Wilhelm II personally thanked the NPG for printing copies of his portrait for every public building in the country.

==Contemporary forms of bromide==
===In Japan===
Bromides can still be found in the modern day, and also see representation in newer forms of Japanese media. Bromides can be found in other sectors of the Japanese entertainment industry, such as in Pokémon, with its photocards of different trainers and their iconic Pokémon partners.
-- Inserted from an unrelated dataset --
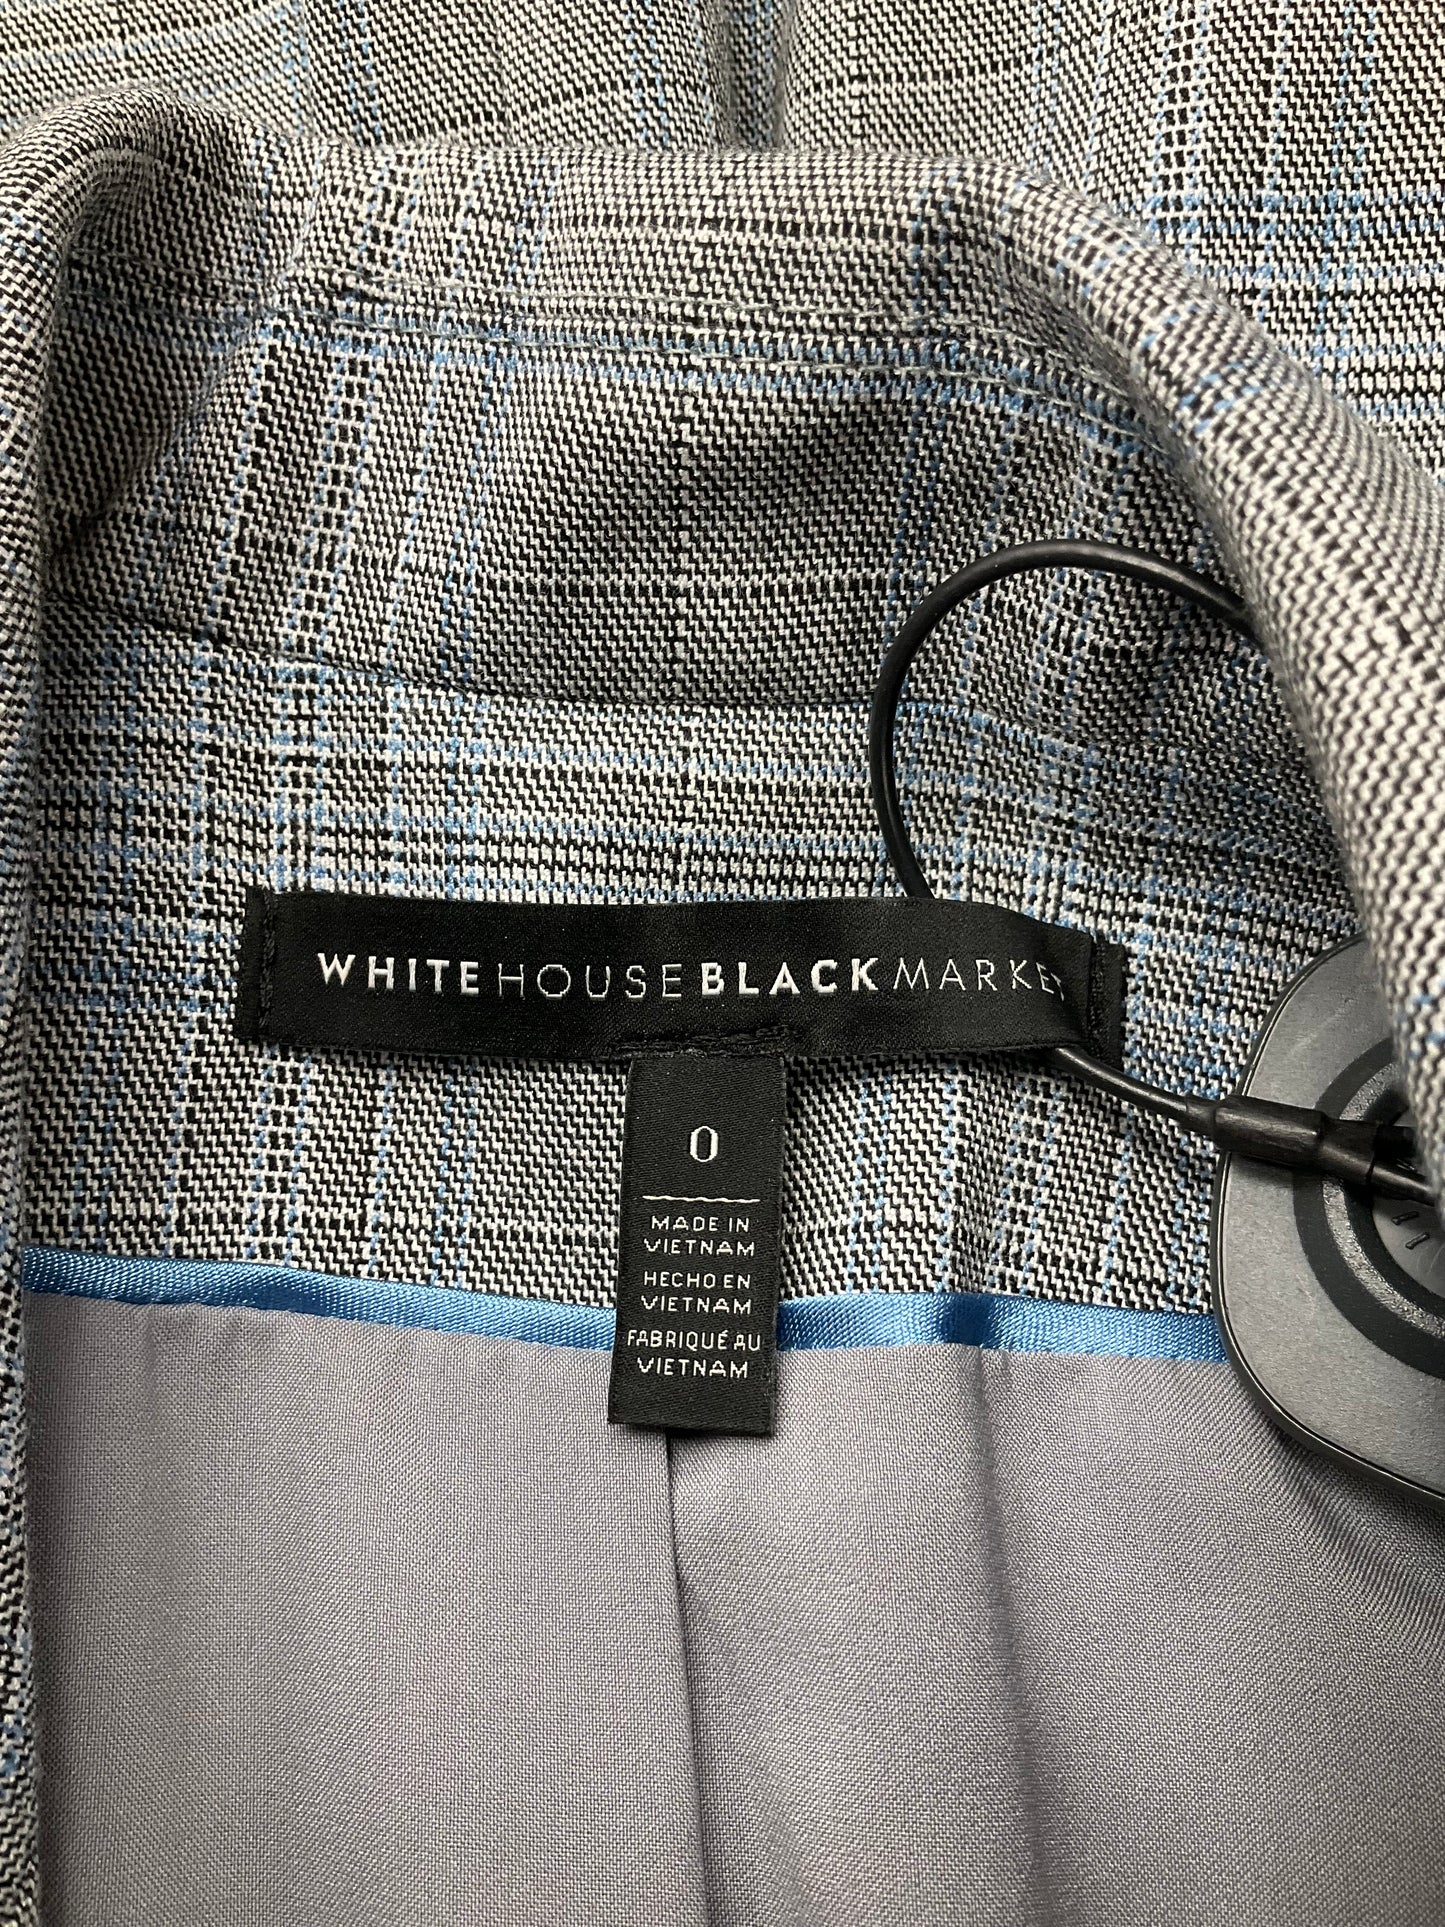 Blazer By White House Black Market O  Size: Xs

Pokémon bromides are not sold individually, but instead included in chewing gum packs, often resulting in them having higher resell prices.

Even in Sega's Japanese steampunk media franchise Sakura Wars, future game installments of the series feature collectible bromide postcards items showing characters in their original form from the first game, accompanied by a brief description.

In the RPG series Lunar, bromides appear as collectibles, each featuring an artwork piece displayed in a vertically-panning view accompanied by music.

Deltarunes Chapter 5 parodies the use of bromides as collectibles in the Lunar series, featuring two such collectibles of the chapter's primary antagonist Flowery.

===In Korea===
The term is actively used in Korean culture, where it is the name of a K-pop magazine. Based on usage of the term by, for example, sellers of K-pop goods on eBay, "bromide" denotes an oversized photo or mini-poster of a celebrity on card stock with a laminated cover or glossy finish.